§ **Brief**: Once the images are removed, set down everything else in the listing below exactly.

§ **Supplied information**:
* * * *
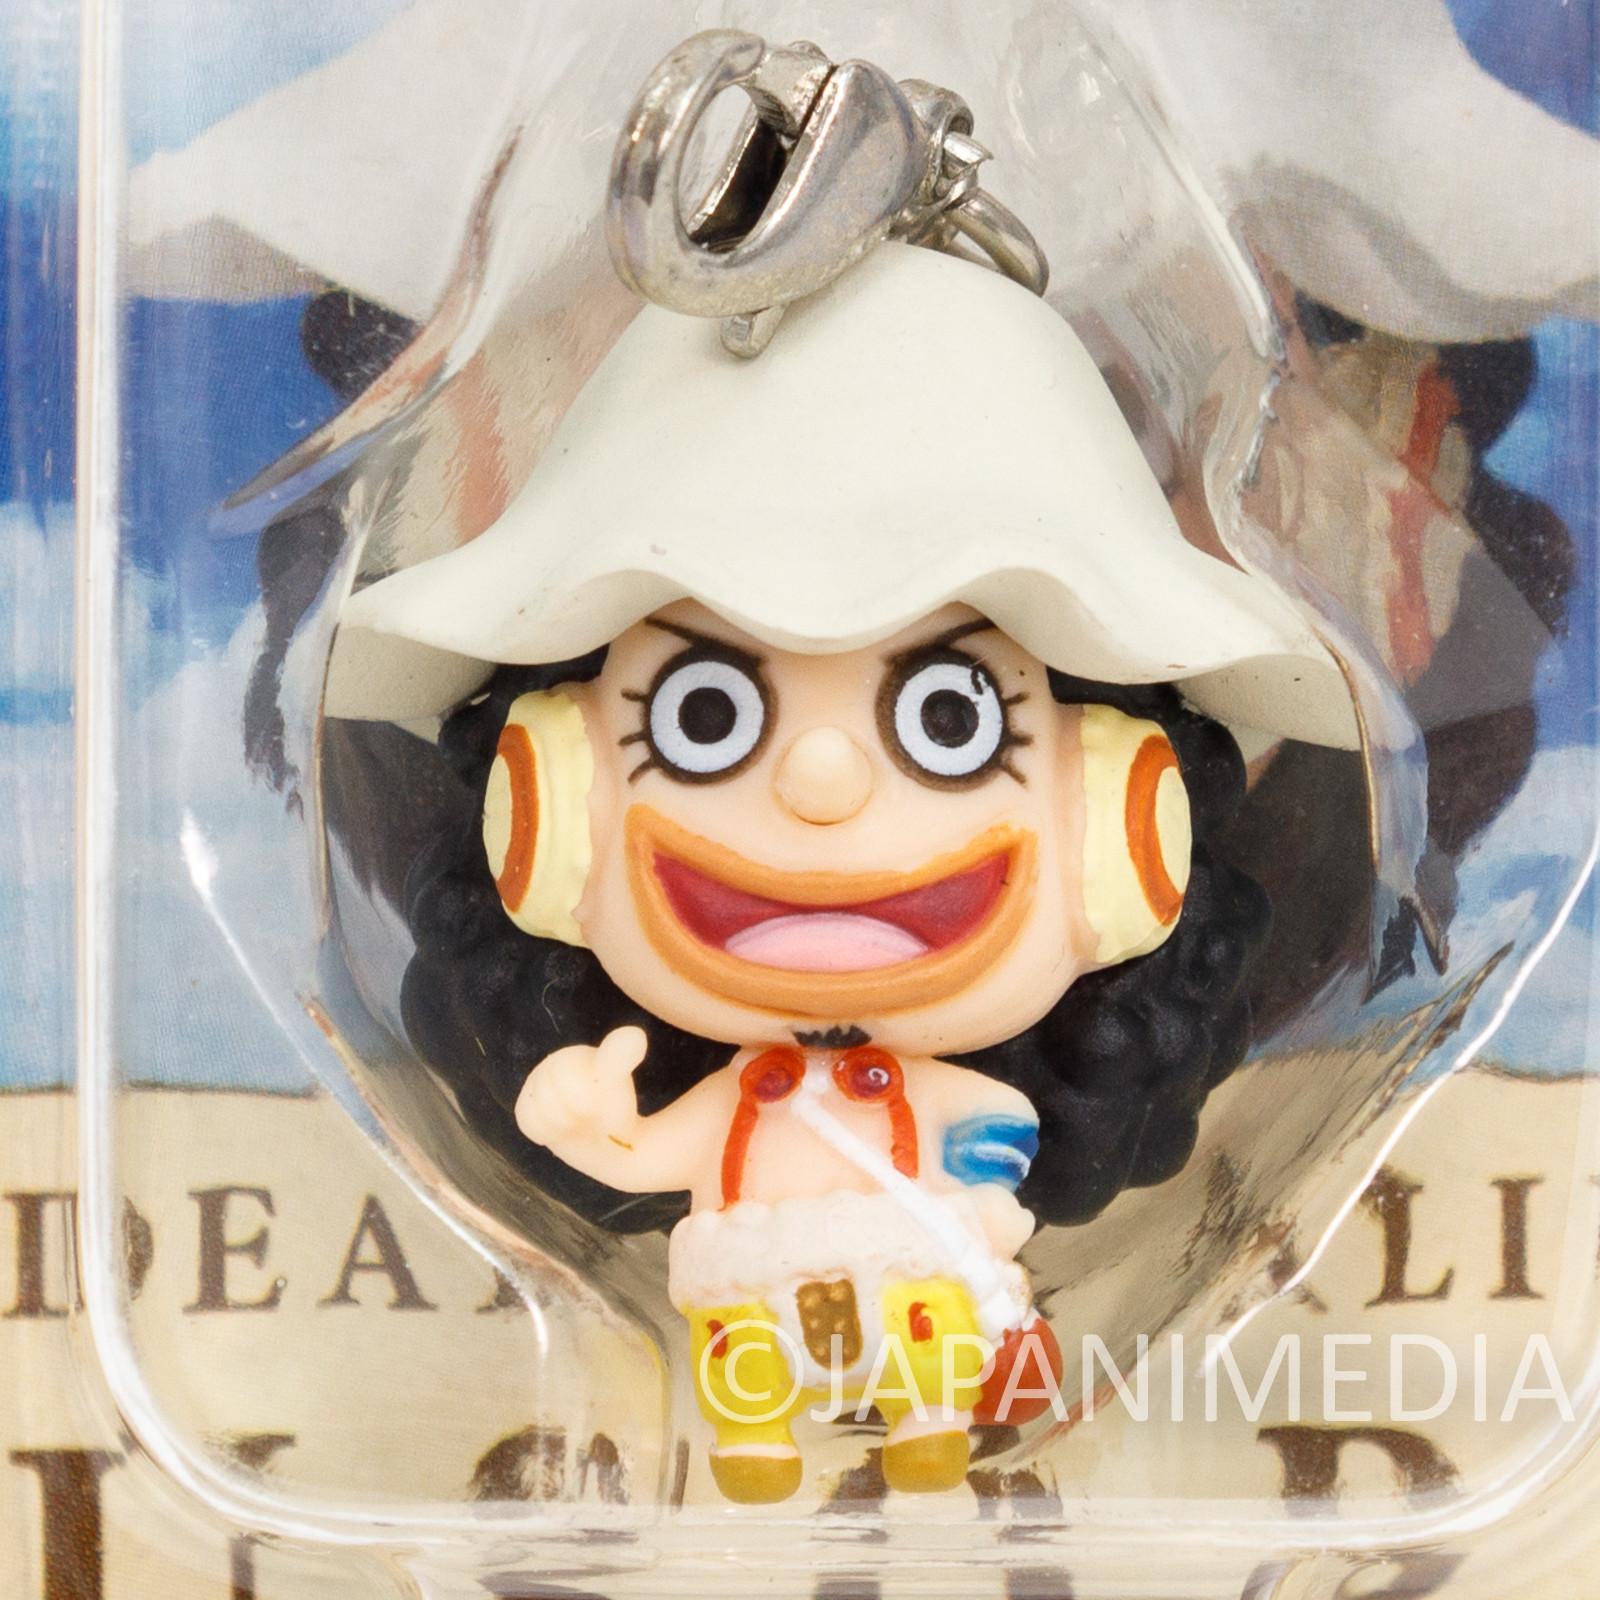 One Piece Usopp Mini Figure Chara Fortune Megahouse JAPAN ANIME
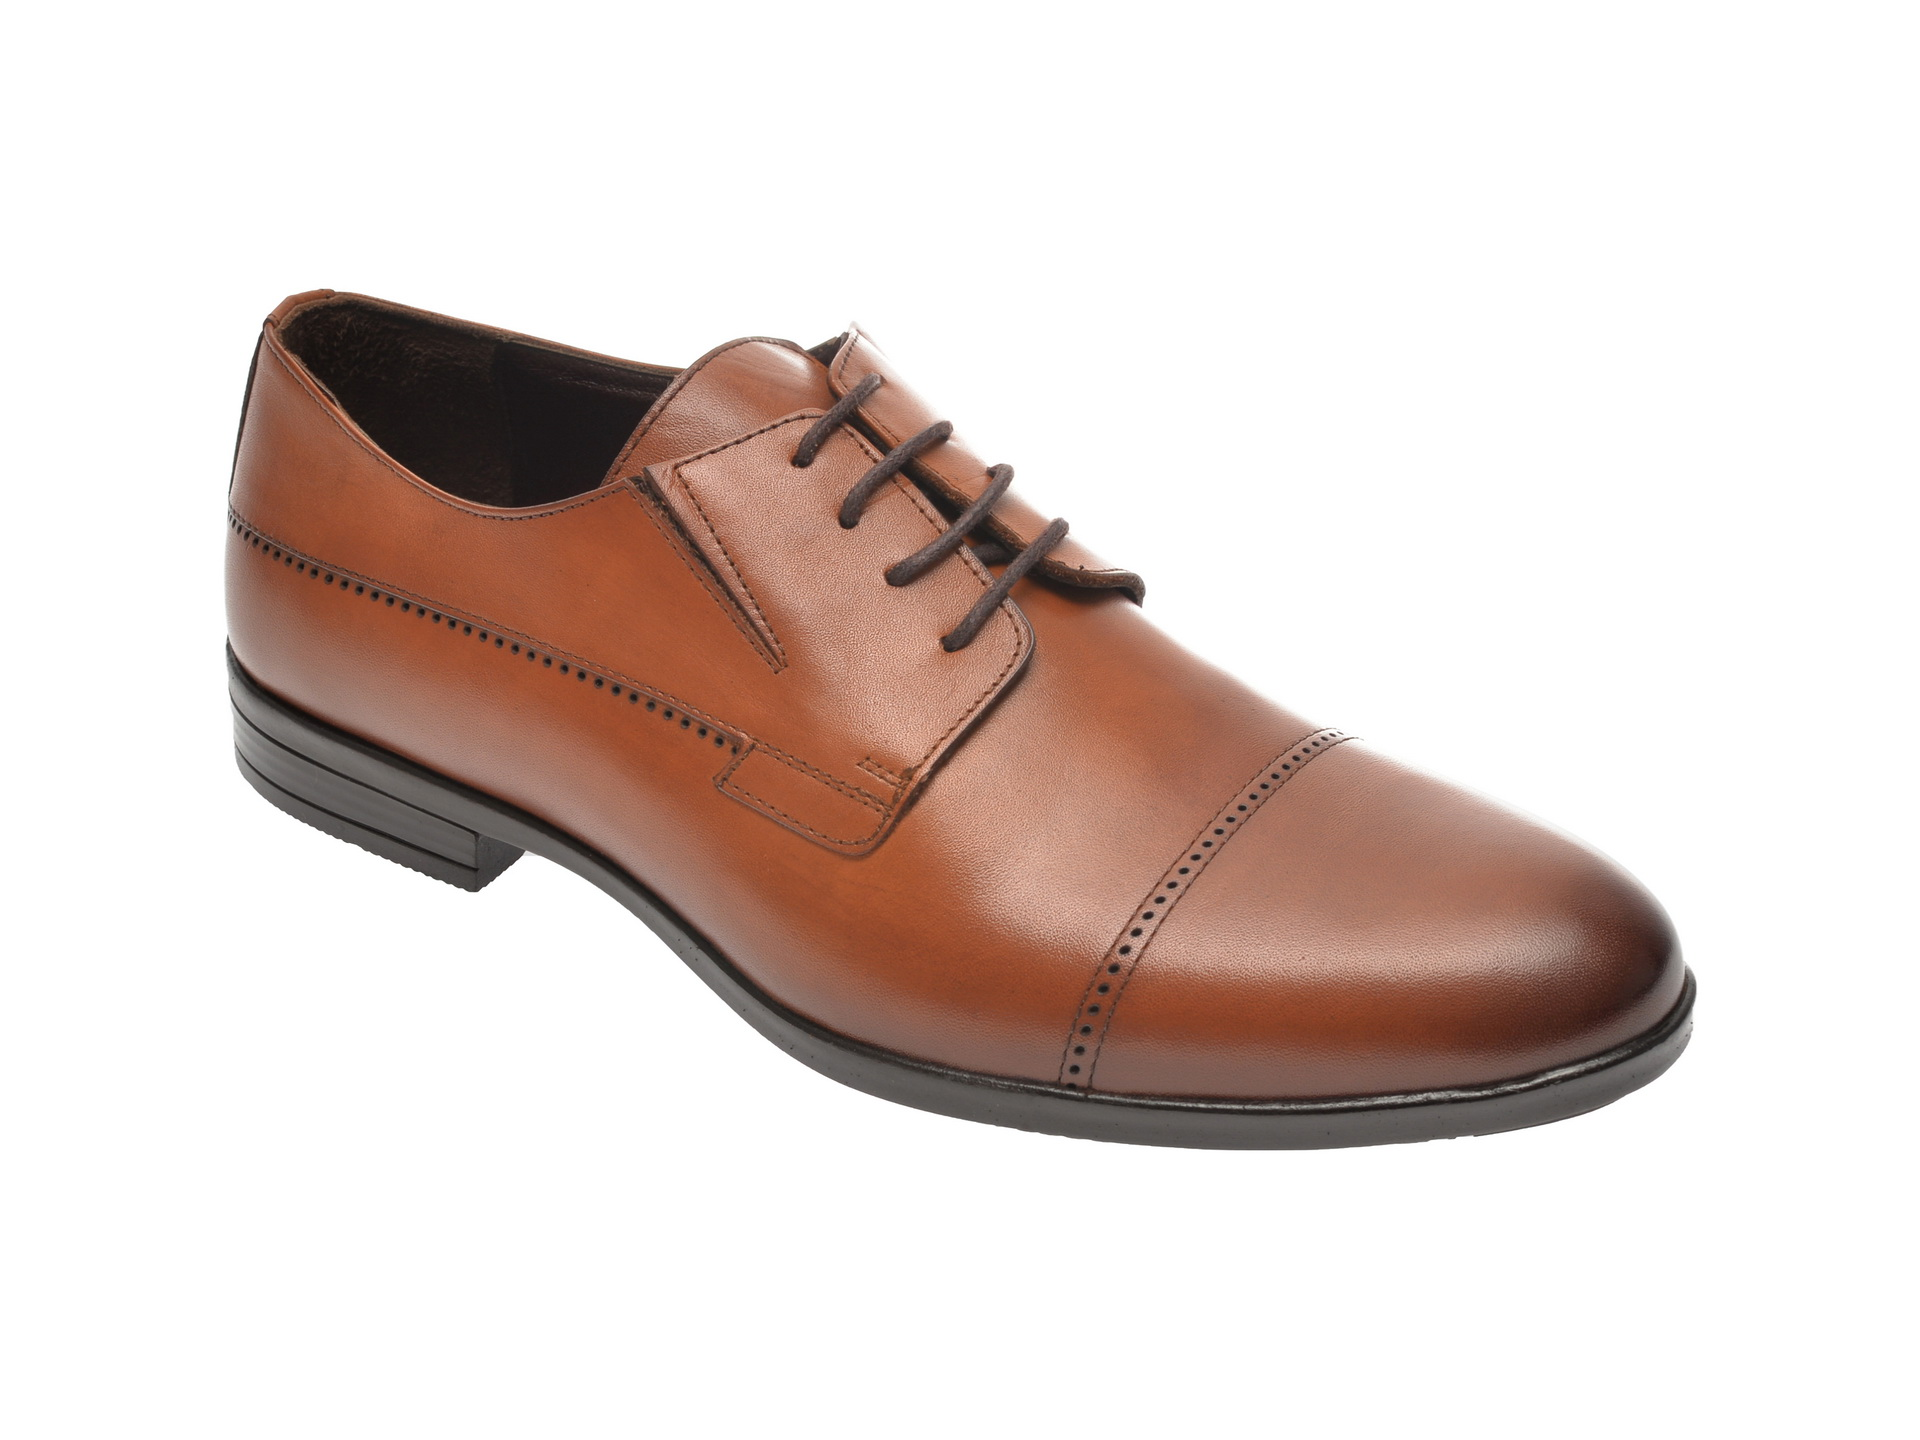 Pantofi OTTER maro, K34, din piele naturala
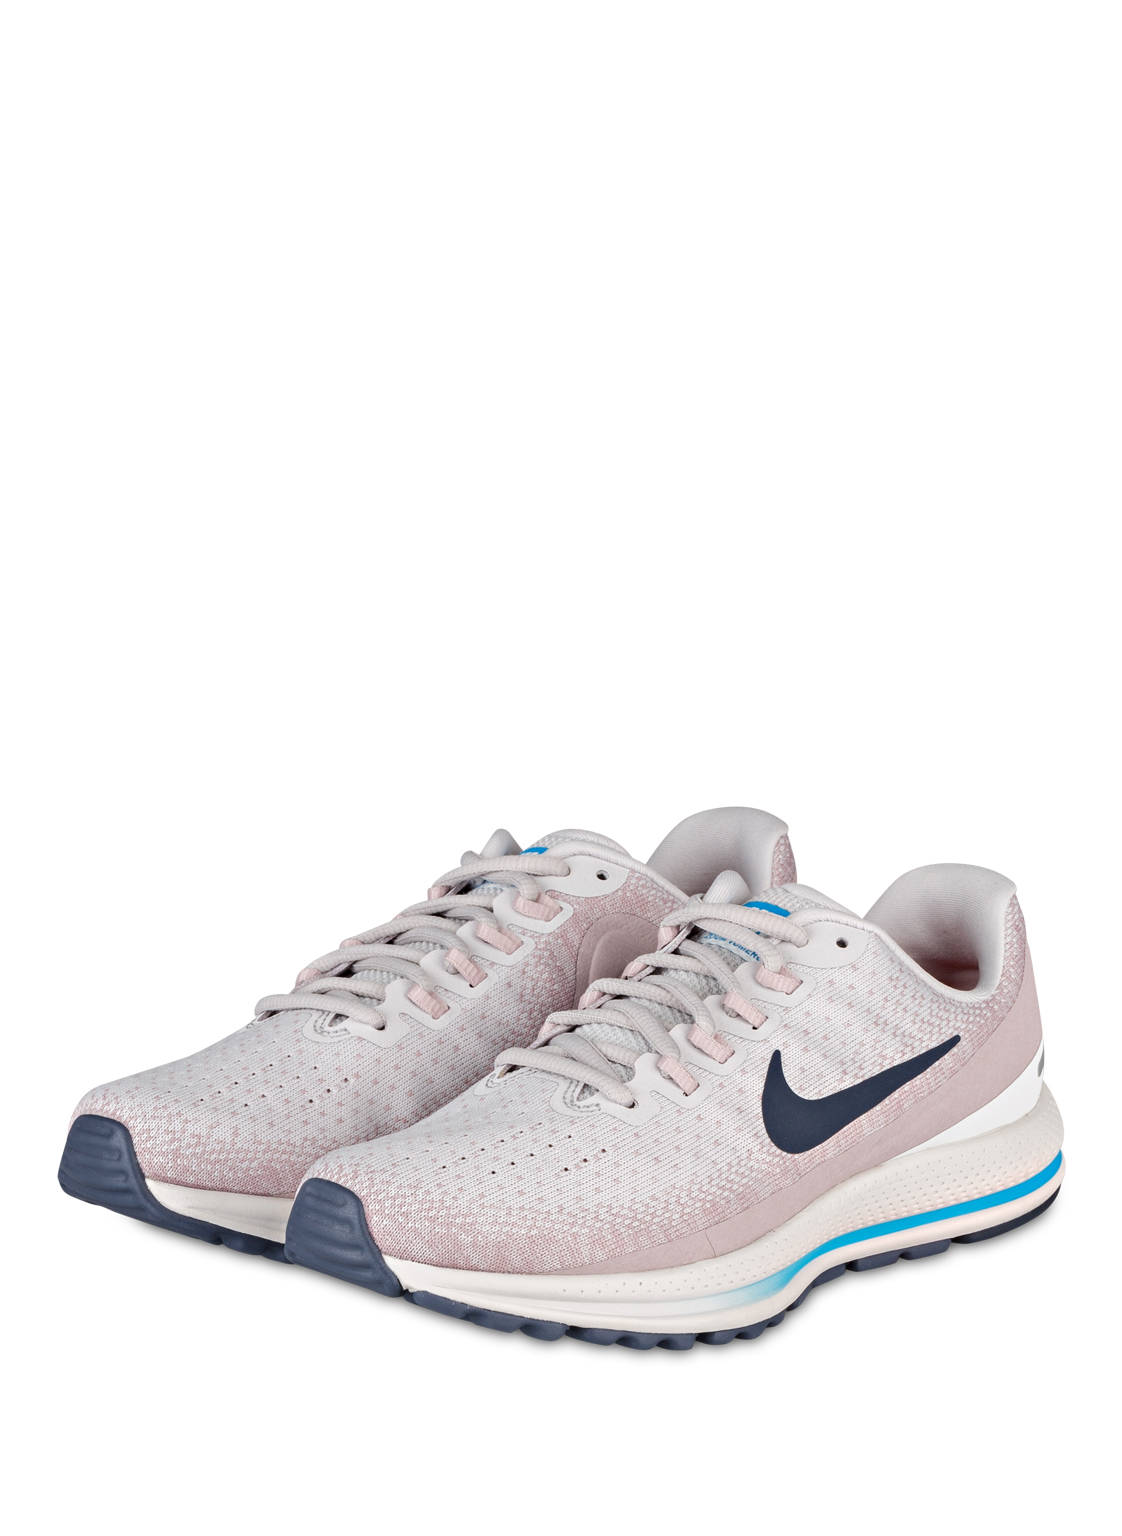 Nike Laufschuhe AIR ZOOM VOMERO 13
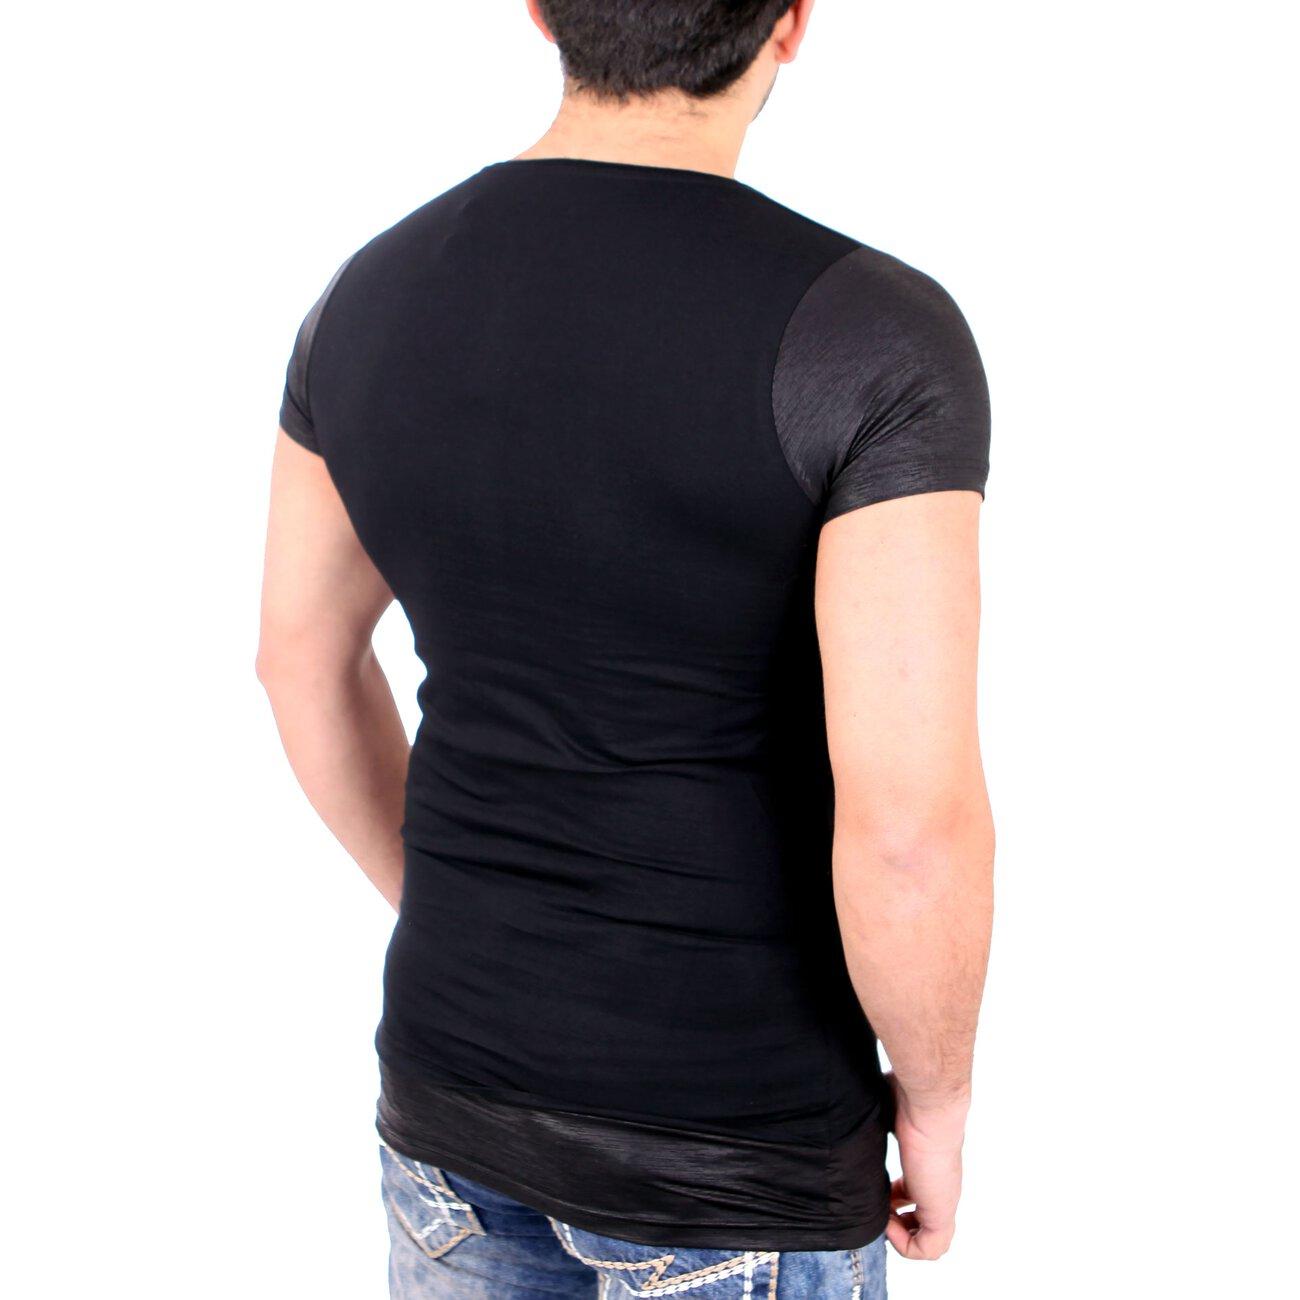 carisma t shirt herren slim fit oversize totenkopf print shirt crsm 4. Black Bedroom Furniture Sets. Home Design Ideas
* * * *
§ **Result of the task**:
 One Piece Usopp Mini Figure Chara Fortune Megahouse JAPAN ANIME
 Pantofi OTTER maro, K34, din piele naturala
 Nike Laufschuhe AIR ZOOM VOMERO 13
 carisma t shirt herren slim fit oversize totenkopf print shirt crsm 4. Black Bedroom Furniture Sets. Home Design Ideas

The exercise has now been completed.